I think I'm NOT going to make any changes for this SETQ(2)+RD/WRLONG functionality.

rogloh · 2018-11-09 11:10

Fair enough, it seems complex. It's probably just then worth mentioning in the documentation this particular pointer increment behaviour after SETQ or maybe even in an errata list for P2 that doesn't give a date for any HW fix but at least show the workaround using extra instructions, which would be the need to adjust the new PTR value with the additional burst transfer size in software.
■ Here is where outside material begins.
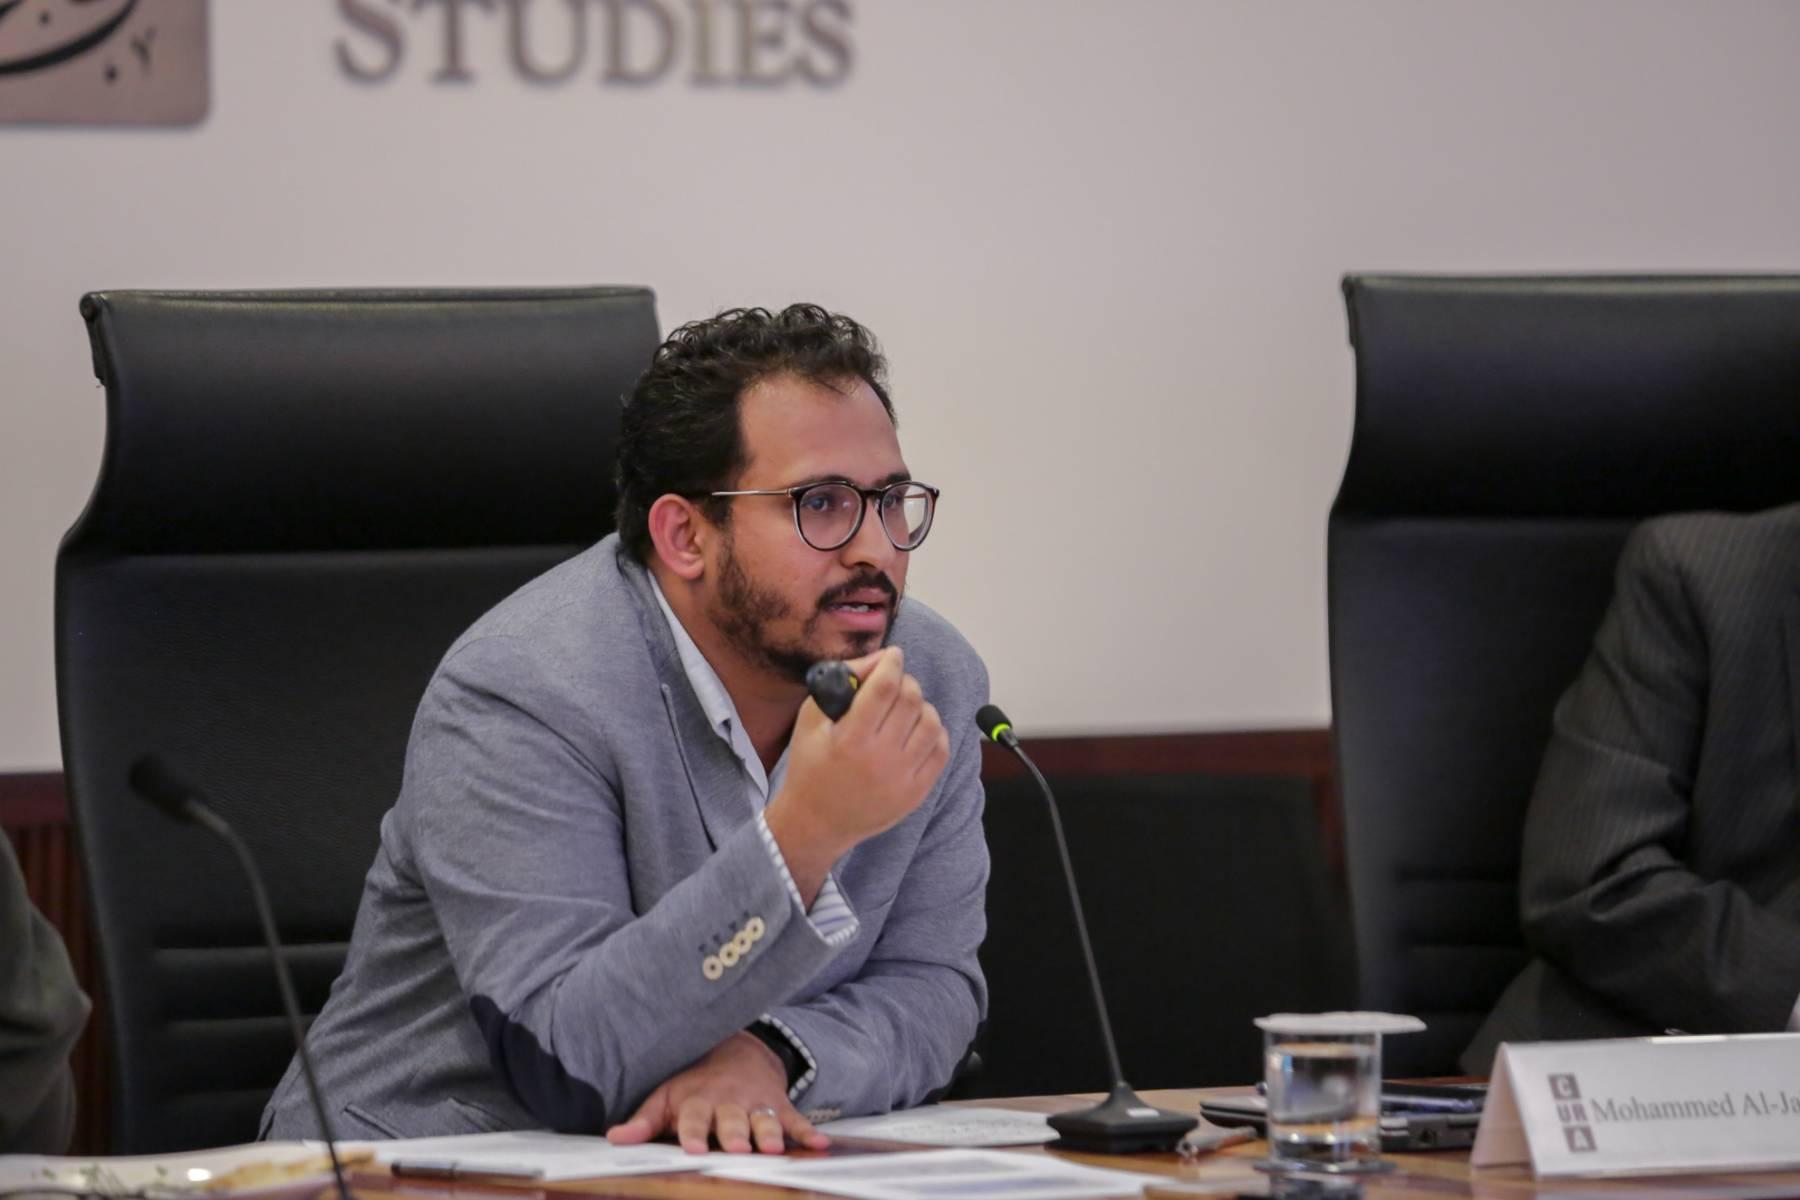 لغز مأرب: حالة استقرار ونشاط اقتصادي في اليمن الذي مزقته الحرب

I think some people might simply assume this behaviour otherwise unless known in advance.

cgracey · 2018-11-09 11:22

"SETQ(2) does not alter PTRx behavior in SETQ(2)+RD/WRLONG-PTRx instruction sequences."

TonyB_ · 2018-11-09 12:08

cgracey wrote: »
rogloh wrote: »

I see being able to transfer bursts using a variable in a register to define the transfer length is handy. You might have something that runs periodically and needs to transfer newly arriving data into hub, the particular amount of which can change from time to time in each given time interval. A fixed SETQ limits this, unless alts/altd is used which I guess is still possible. It's only going to save one instruction though so not that critical.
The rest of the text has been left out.